Work to complete. Below is a block of entries; repeat exactly the lines starting at the line that contains "Морозильная камера вертикальная" and ending at the line that contains "Butte Vista Fall Festival 2015", both included.

Material for this exercise.
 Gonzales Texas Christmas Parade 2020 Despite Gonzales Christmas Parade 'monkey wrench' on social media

* * *

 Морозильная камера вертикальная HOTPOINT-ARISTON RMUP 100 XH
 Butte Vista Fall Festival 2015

* * *

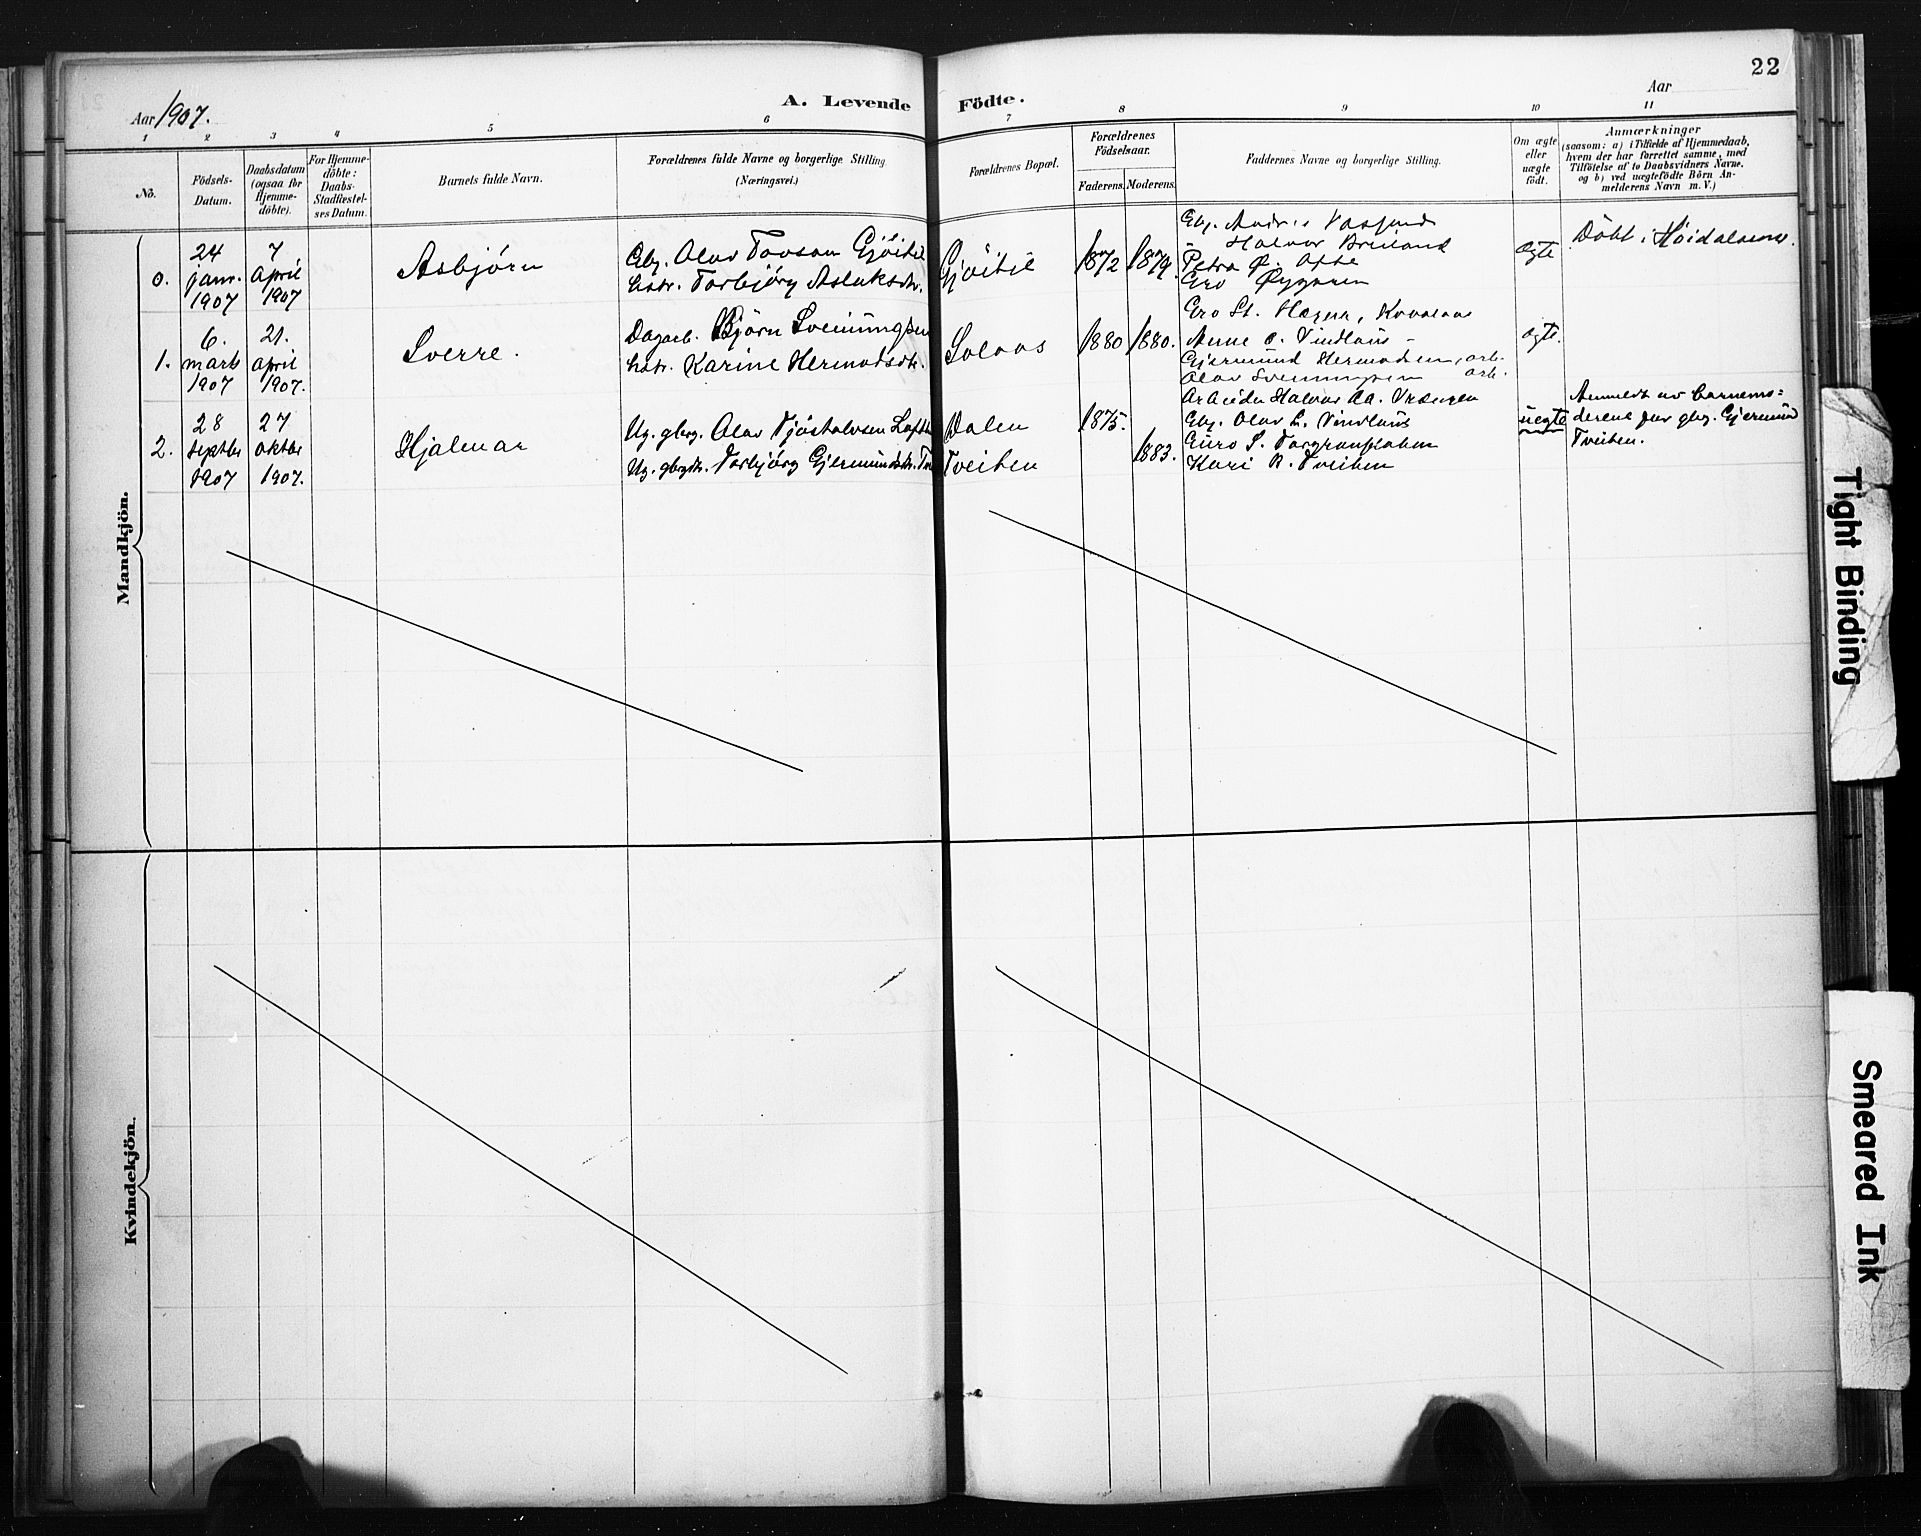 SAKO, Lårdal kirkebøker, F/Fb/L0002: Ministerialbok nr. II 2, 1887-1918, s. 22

Your solution.
 Морозильная камера вертикальная HOTPOINT-ARISTON RMUP 100 XH
 Butte Vista Fall Festival 2015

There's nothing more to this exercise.